§ What the task requires: Retype the listing exactly as it stands, and keep every image out.

§ Data extract:
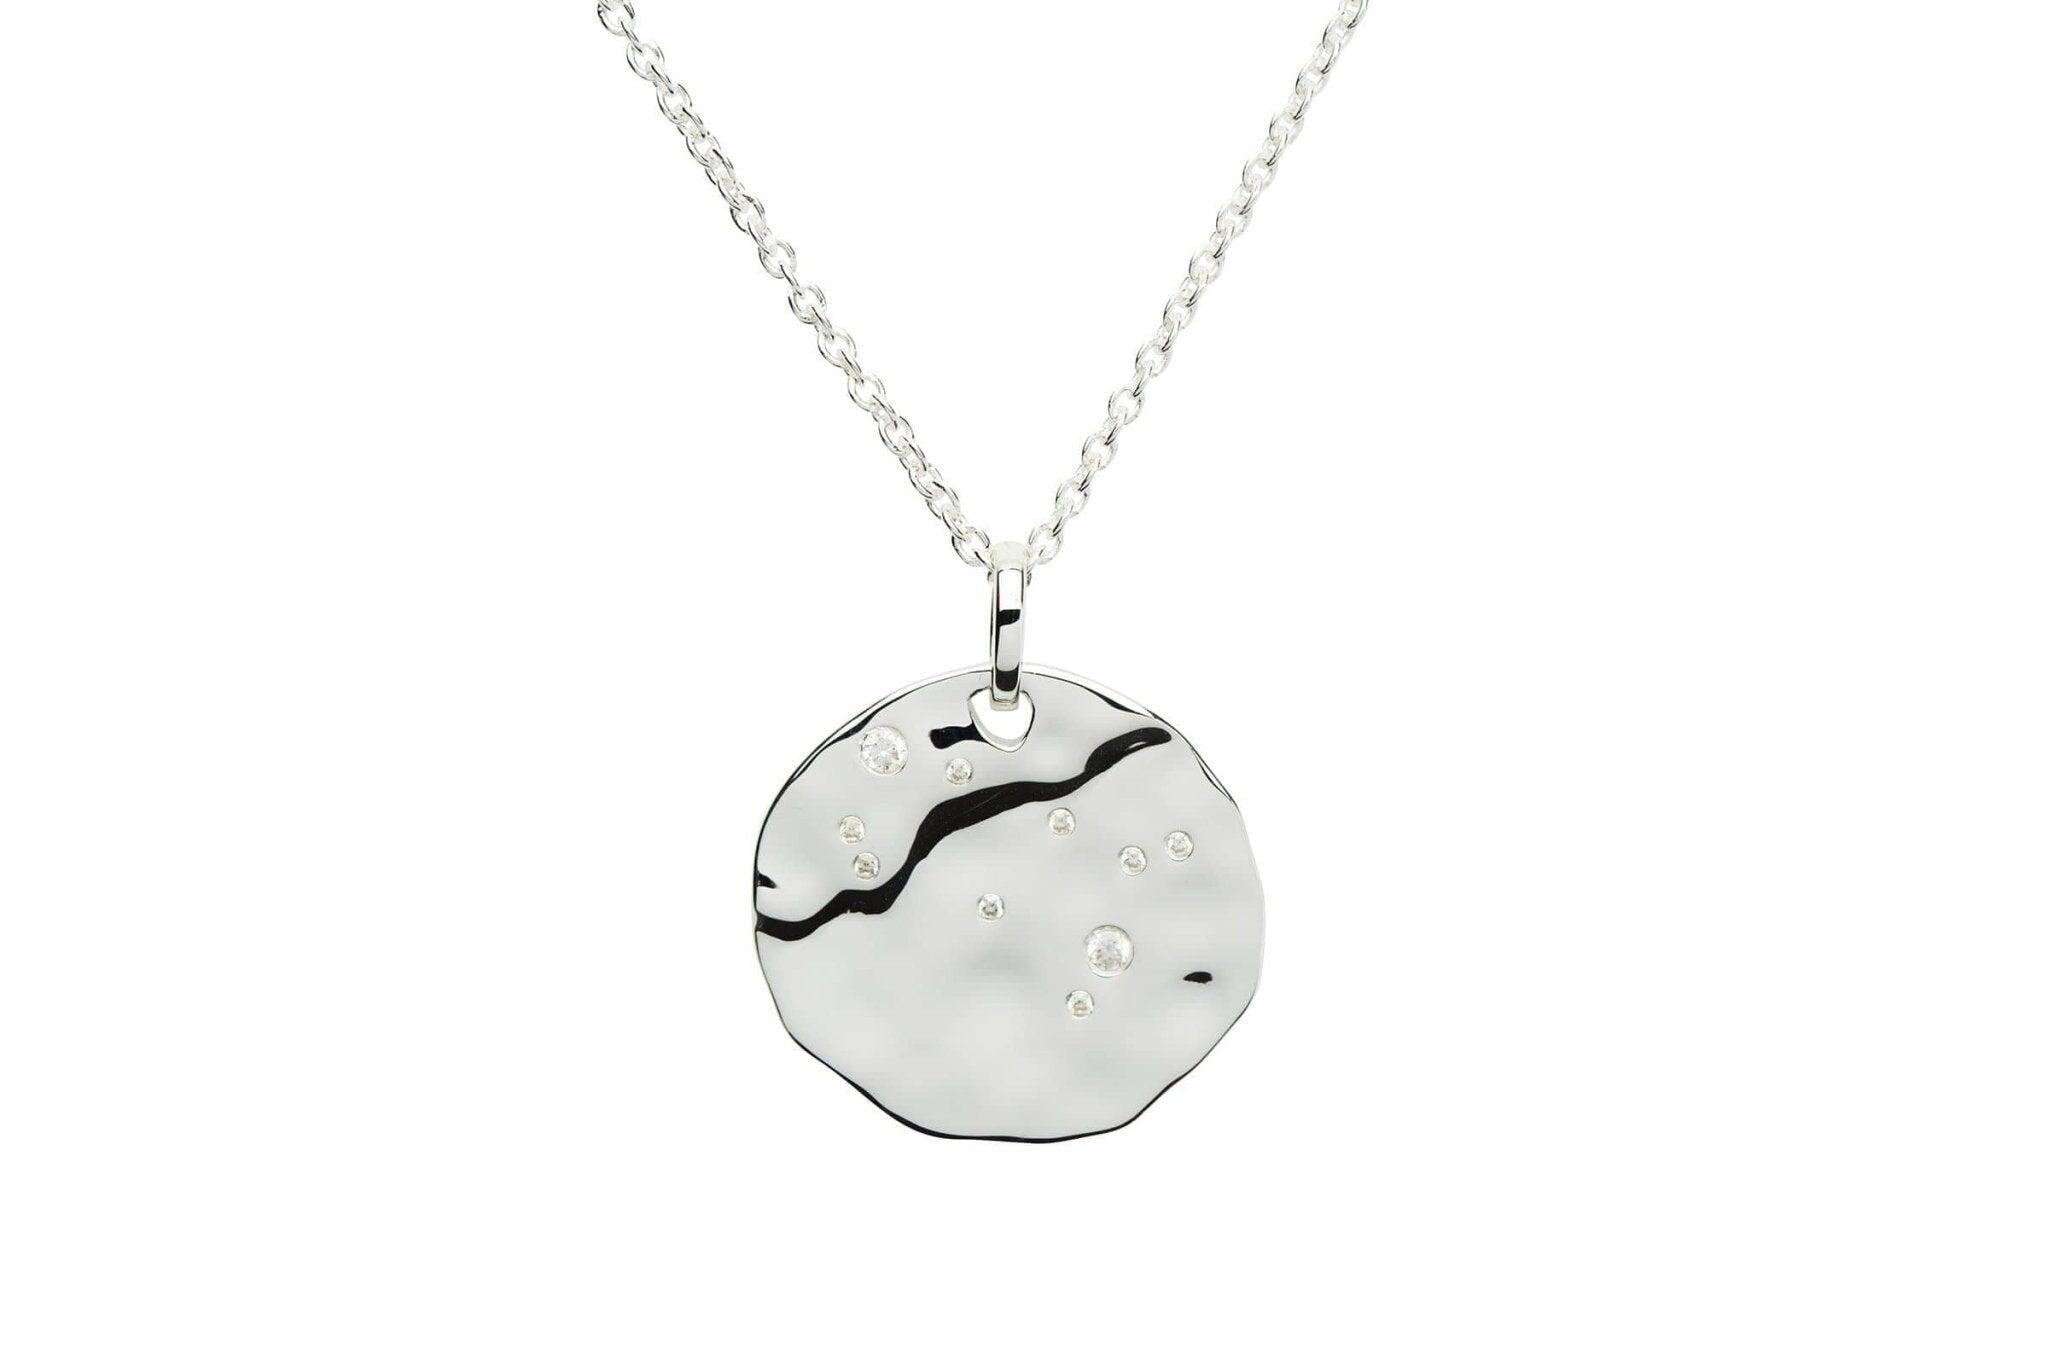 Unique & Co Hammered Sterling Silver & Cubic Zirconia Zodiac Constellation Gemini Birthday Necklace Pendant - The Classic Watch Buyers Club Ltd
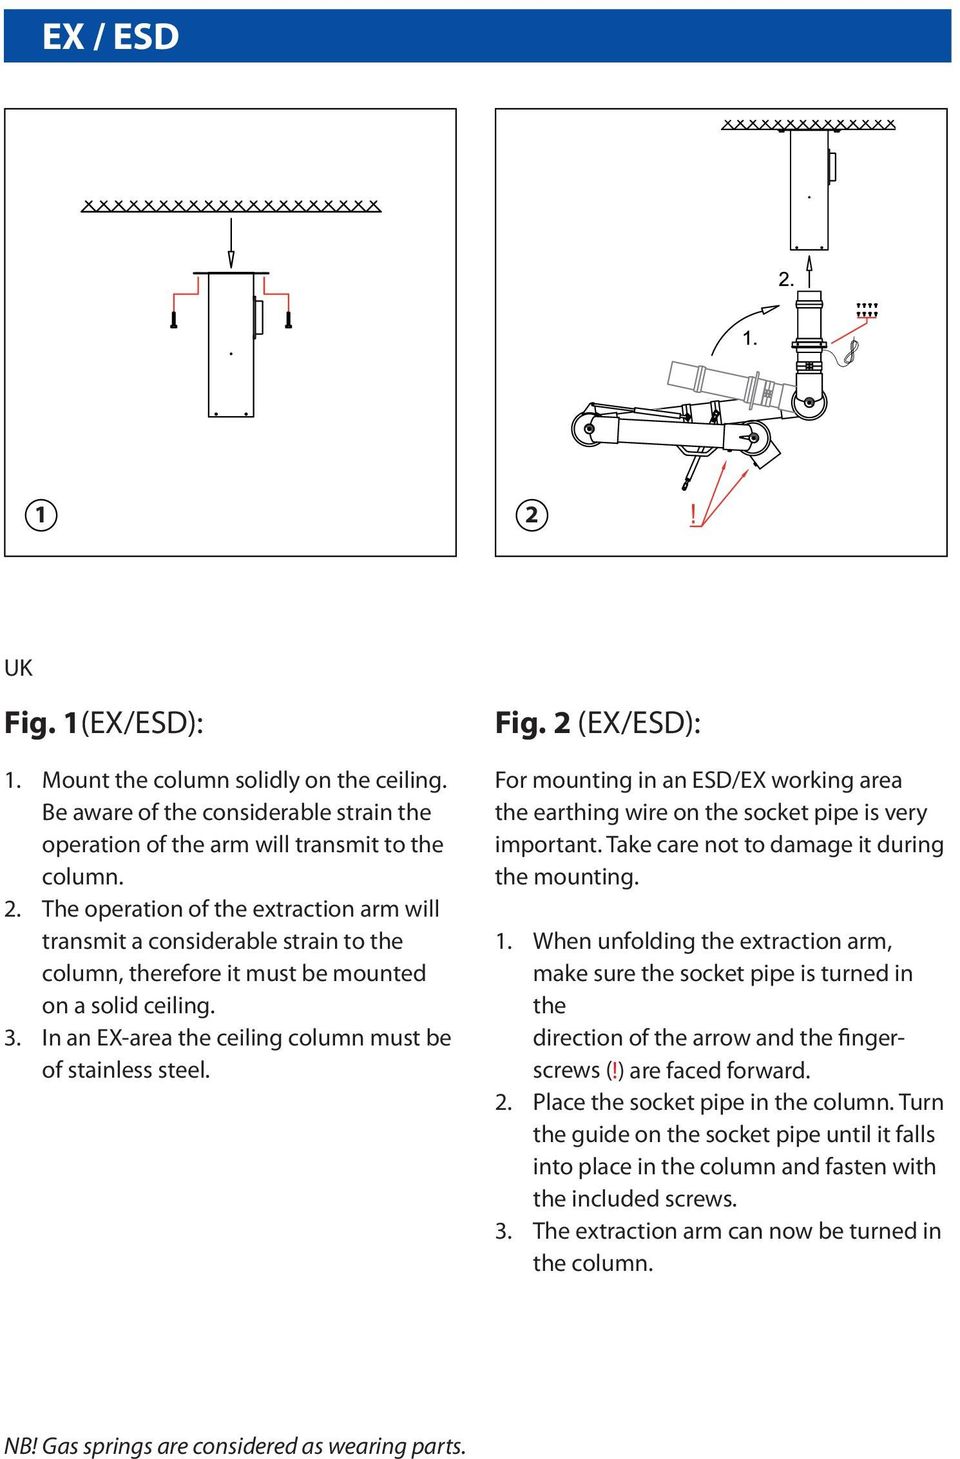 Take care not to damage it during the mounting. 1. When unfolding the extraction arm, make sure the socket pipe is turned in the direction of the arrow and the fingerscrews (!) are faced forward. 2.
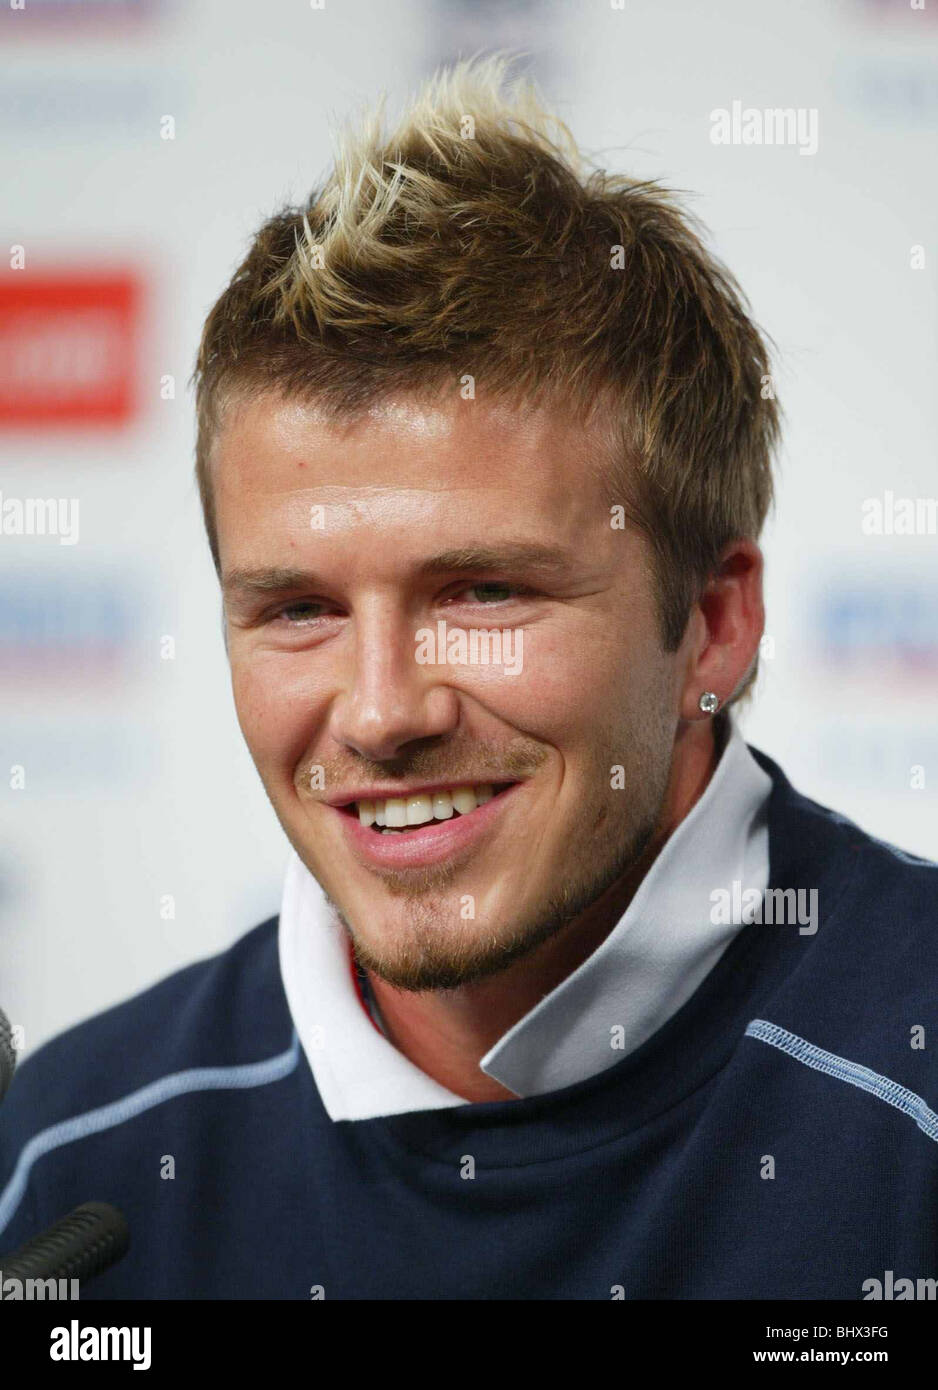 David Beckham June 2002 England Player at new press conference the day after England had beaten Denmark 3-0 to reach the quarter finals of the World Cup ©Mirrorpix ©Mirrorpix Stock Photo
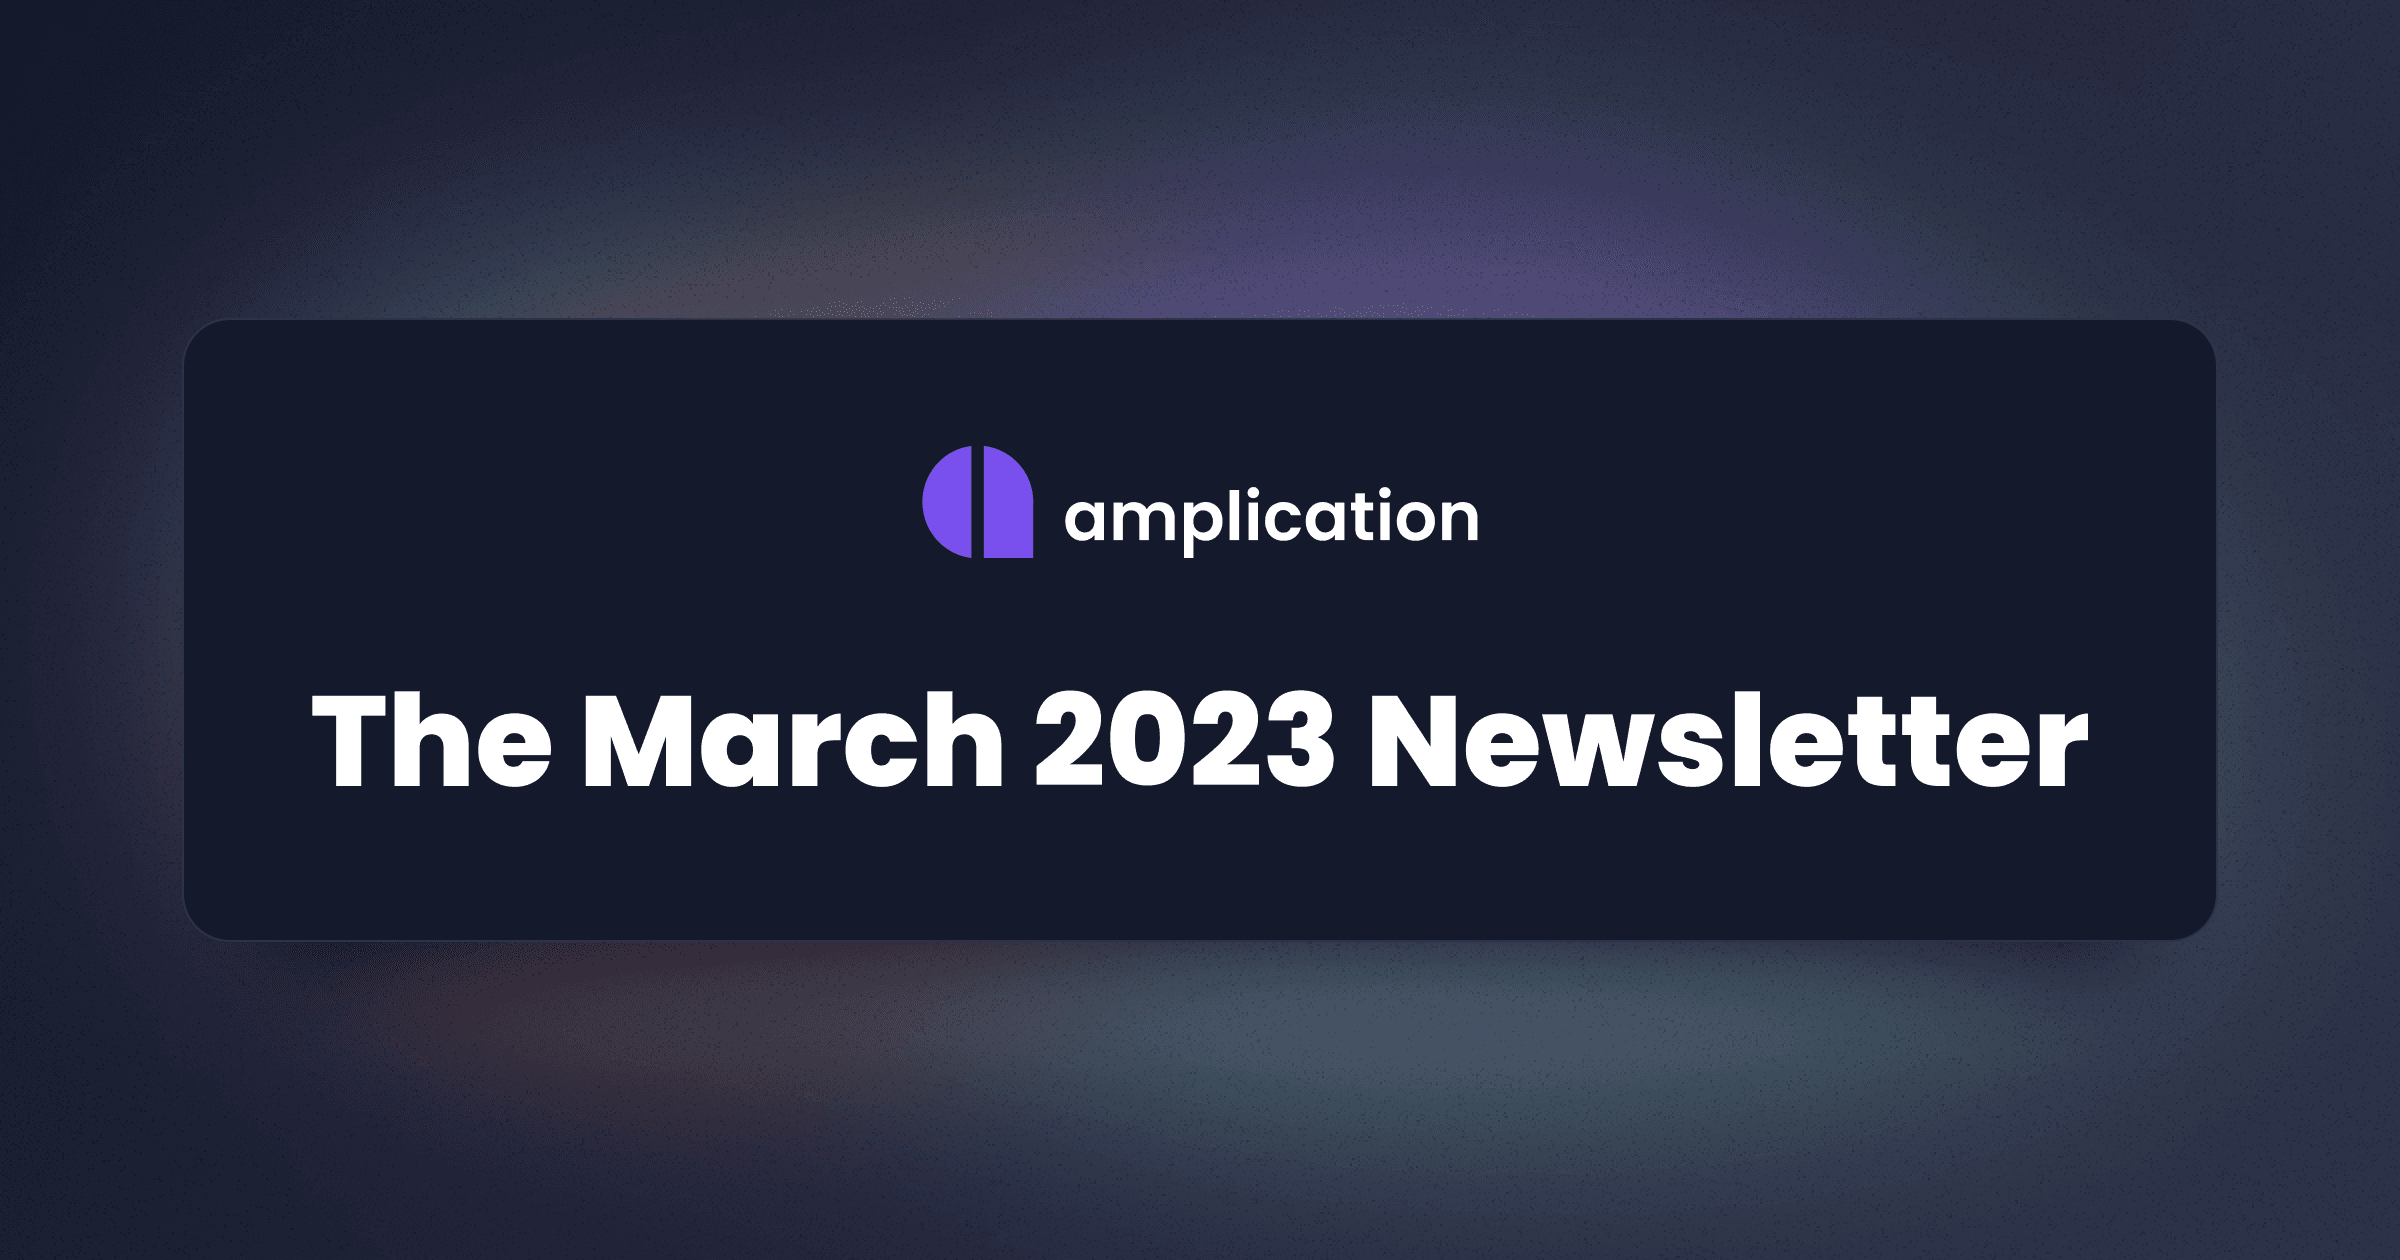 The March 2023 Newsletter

§ Task solution:
 Unique & Co Hammered Sterling Silver & Cubic Zirconia Zodiac Constellation Gemini Birthday Necklace Pendant - The Classic Watch Buyers Club Ltd
 Take care not to damage it during the mounting. 1. When unfolding the extraction arm, make sure the socket pipe is turned in the direction of the arrow and the fingerscrews (!) are faced forward. 2.
 David Beckham June 2002 England Player at new press conference the day after England had beaten Denmark 3-0 to reach the quarter finals of the World Cup ©Mirrorpix ©Mirrorpix Stock Photo
 The March 2023 Newsletter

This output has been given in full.